Féretros de hormigón nuestros abrazos
para esa vida más grande que nos abrasa
por dentro, esa droga íntima cada vez
más destilada, más abrasadora,
más ausente en los grandes vocabularios,
más impronunciable para las voces diurnas.
Esa hoguera sin rituales en De Grote Plas
porque el ser humano no es un ser de bienvenidas
y el instinto de posesión es la marca de fuego
de cada encuentro. Y al atravesar Delft
qué extraño aroma, qué extraña radiación
persistía entre los pliegues más frescos
de la madrugada. Esos que se abren
solo un instante, cuando nadie hay
en las calles. Aquel pasado intacto,
un mundo sin espejos solo cuajado
por relaciones directas. Todo ese tiempo
que pasaba cargado de una electricidad esponjosa,
porque hay una presencia que cuando la sientes
abre bajo tus pies el foso de las soledades
irremediables.

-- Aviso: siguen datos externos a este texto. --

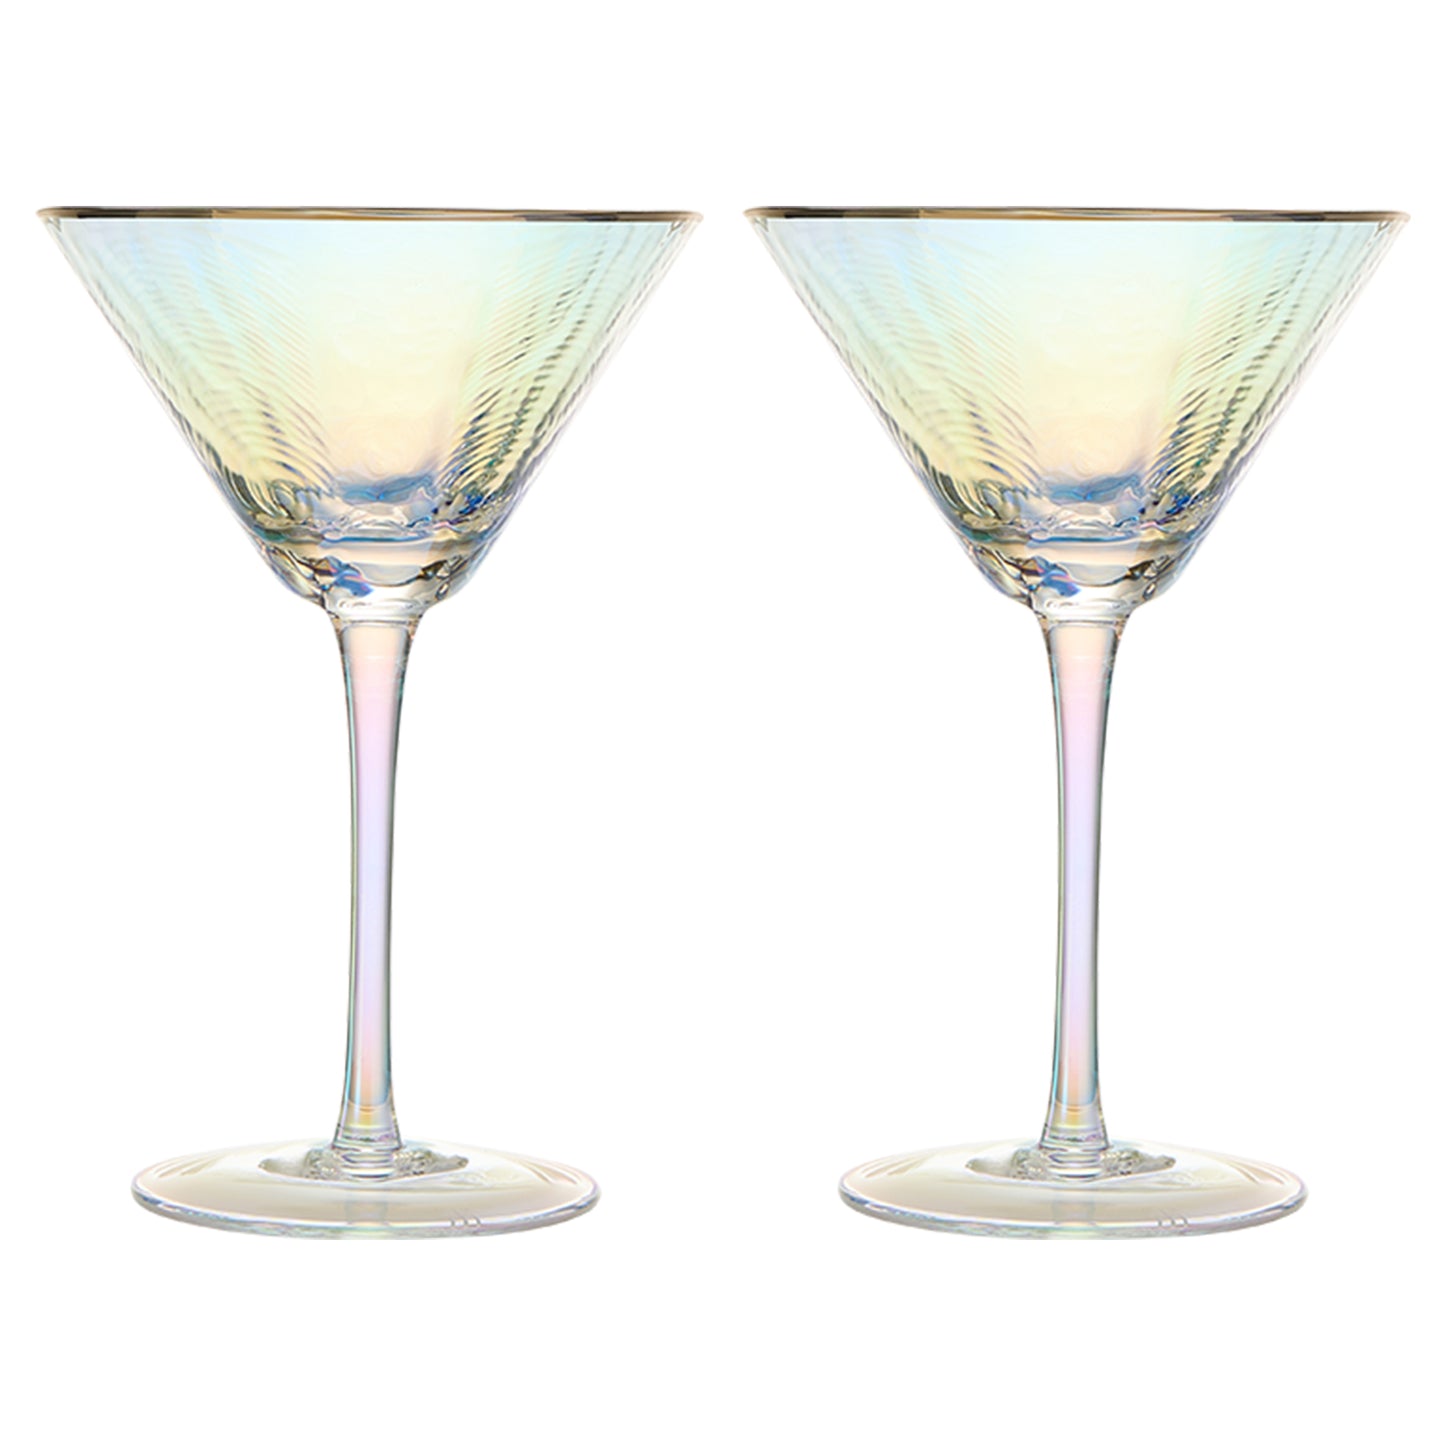 Dulce Martini Glassware, Set of 2
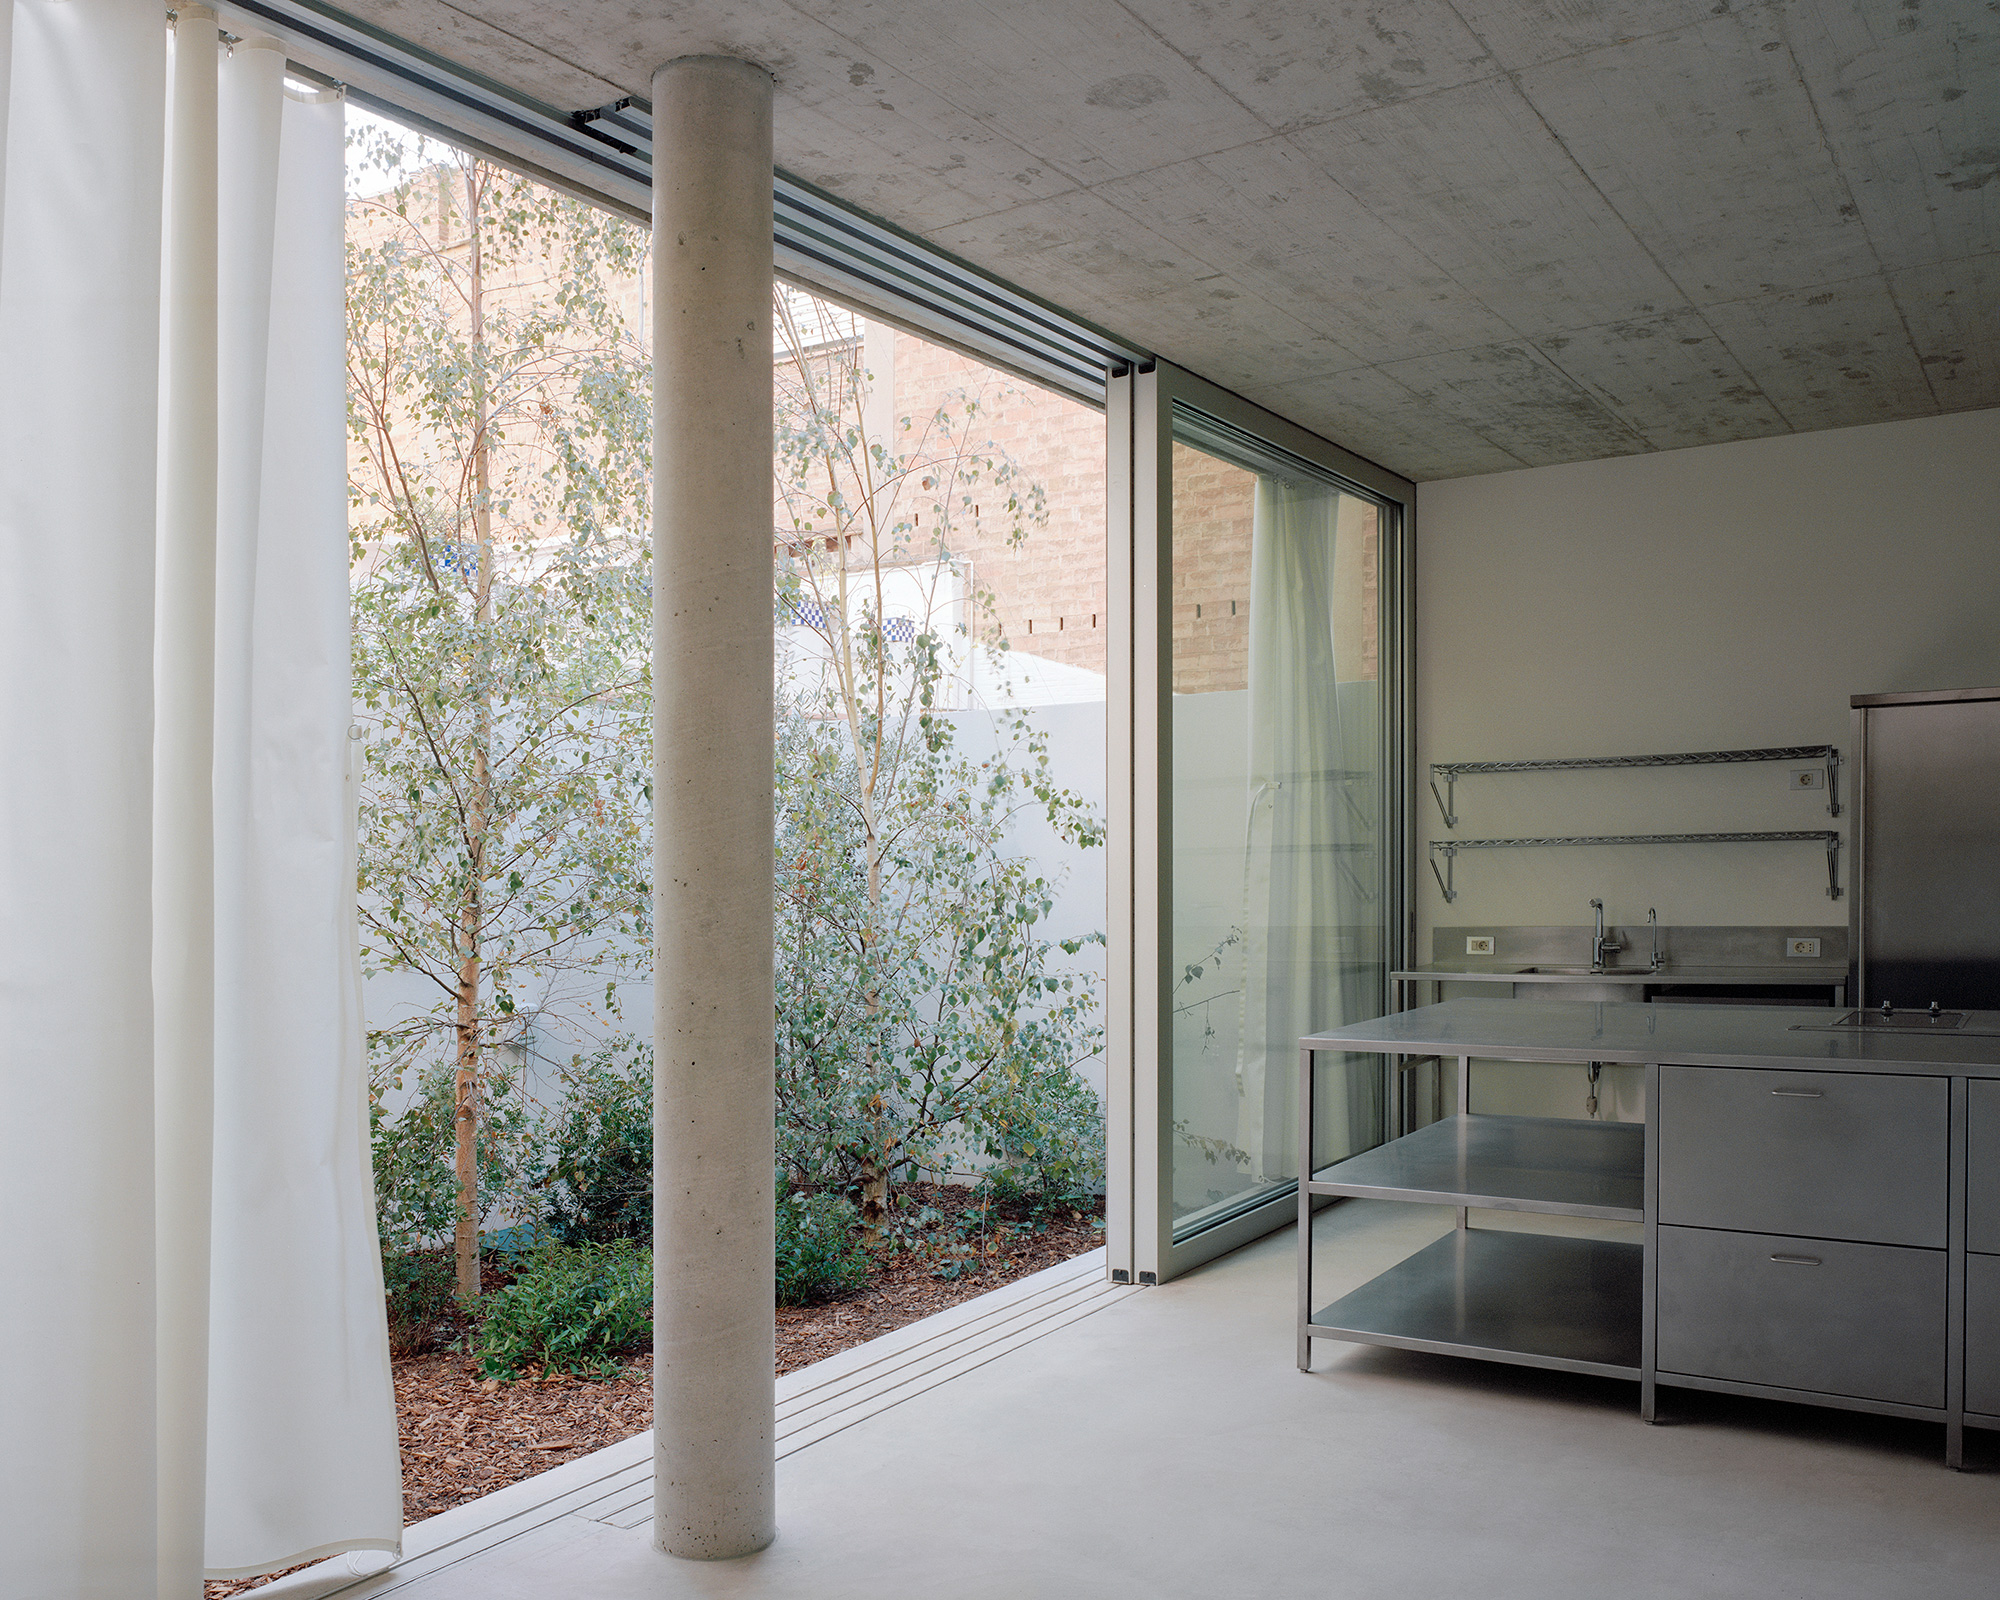 White minimalist interior with concrete floors

Y has de ser un ángel, has de tocar
con tus alas de fuego las paredes de esa cueva
hasta entender que volar no es elevarse, que no es hundir el aire
en ningún pesebre de carne maldita, no es cambiar
la vida por ningún puñado de buenas intenciones
si aún alimenta el pan y duelen ciertas cosas
lo suficiente para que la fragilidad invisible
sea un secreto mal guardado. Tardan las sombras
en proteger con su oscuridad de luz antigua
los contornos precisos de estos bultos
inertes como el desconcido bucle de fuego
que reina sobre los campos de placton
en los mares boreales. Sagaces druidas
del norte, dadnos las huellas perdidas de los grandes pasos,
esas blancas columnas de saber para imaginar la ausencia
y para levantar aún más el techo de amar, para sentir
más claramente la intemperie tras la dulce tempestad.
La miel del hielo.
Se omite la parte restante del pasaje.